Introduction

COVID-19 (Corona Virus Disease 2019) is caused by the Severe Acute Respiratory Syndrome Coronavirus (SARS-CoV-2). The global spread of the virus led to COVID-19 being classified as a pandemic in March 2020, affecting the lives of billions of people. At the time of writing, over 29 million confirmed cases and nearly 950,000 deaths have been reported worldwide1. In Germany, ca. 260,000 confirmed cases and 9400 deaths have been reported during the first wave2.

A distinctive feature of infectious diseases is that individual behaviour can also impact the health of others. Consequently, human behaviour plays a major role in the research and control of infectious diseases3,4,5. In the case of COVID-19, preventive measures to contain the spread of the virus and reduce the burden on health systems are highly relevant given its high secondary attack rate and outstanding deadly toll.

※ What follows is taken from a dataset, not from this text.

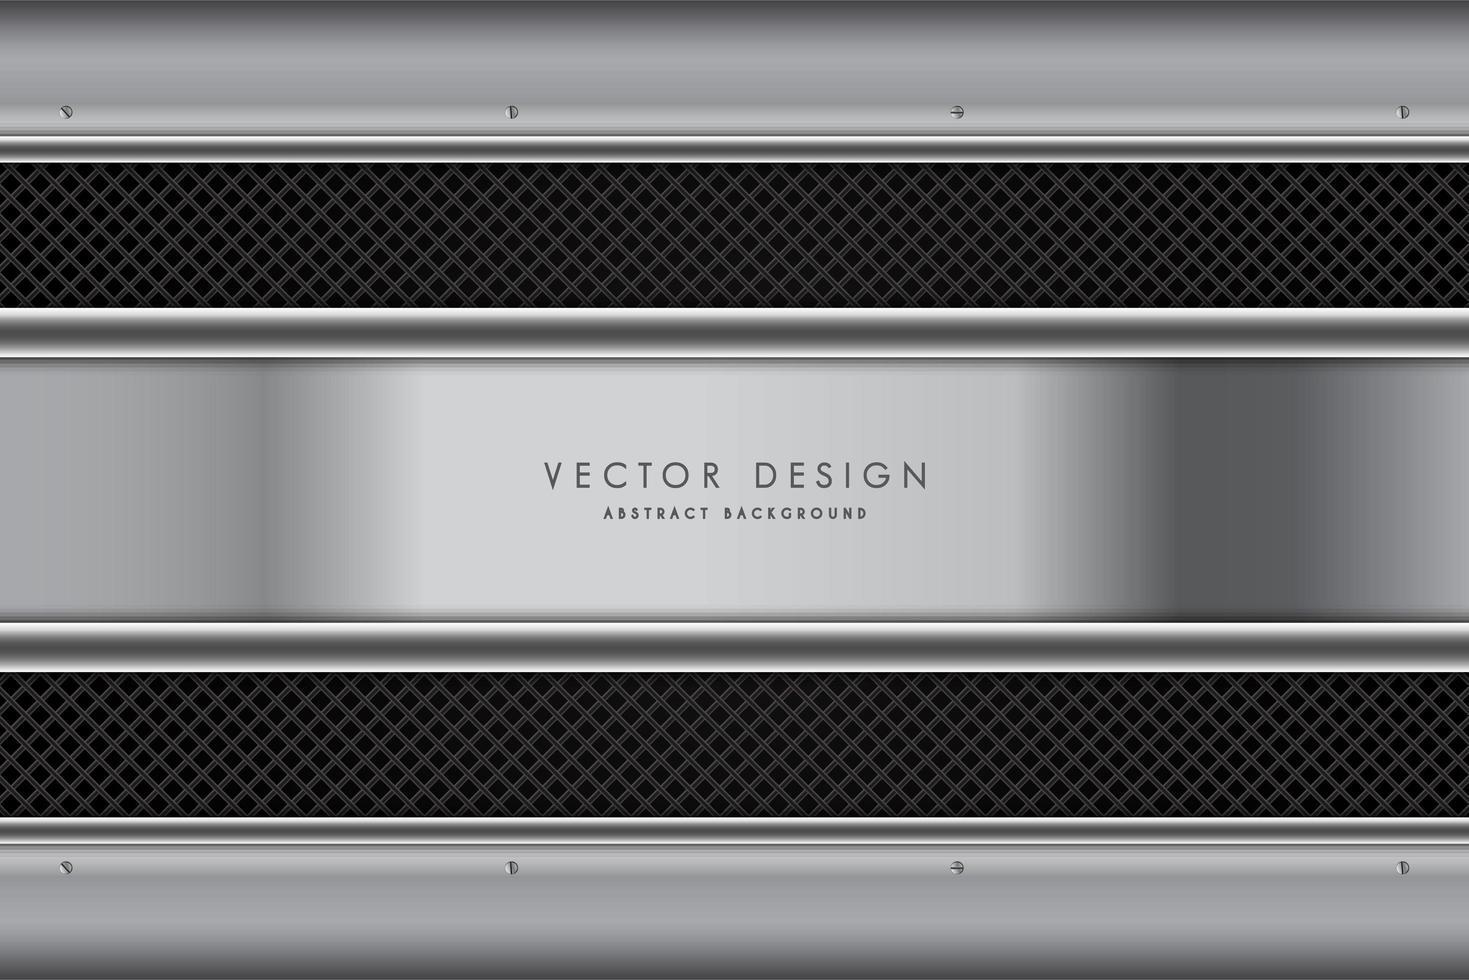 Fondo metálico gris oscuro con tiras de fibra de carbono. vector

In addition to government-imposed contact restrictions and other social distancing policies, a number of individual hygiene measures, i.e. regular hand washing and wearing masks, are recommended in order to contain the spread and to protect oneself6.

The risks and uncertainties of emerging infectious diseases can trigger a diverse array of emotional, cognitive, and behavioural responses and affect public behaviour in both constructive (e.g. adopting individual hygiene measures) and destructive manners (e.g. excessive use of health care services)7,8,9. Risk communication, defined as “the exchange of information among interested parties about the nature, magnitude, significance, or control of a risk”10, aims at increasing the capacity of the public to act as an effective response partner by encouraging constructive responses amongst the population, i.e. by adopting desired prevention measures11,12. Behaviour change can be induced through risk communication by presenting a threat and describing a behaviour change that can mitigate the threat13. For supporting effective risk communication it is important to understand how critical health risk information is disseminated and how the public accesses, processes and responds to this information14. Research on risk communication has already provided numerous insights thereto. For example, messages are more effective when delivered clear and simple, appeal to reason and emotion, and are tailored to the needs, values, cultural background and experiences of the target audience13. In addition, the characteristics of the entity sending a message are likewise important, for example, credibility of authority, transparency and perceived expertise influence the persuasiveness of the communication15.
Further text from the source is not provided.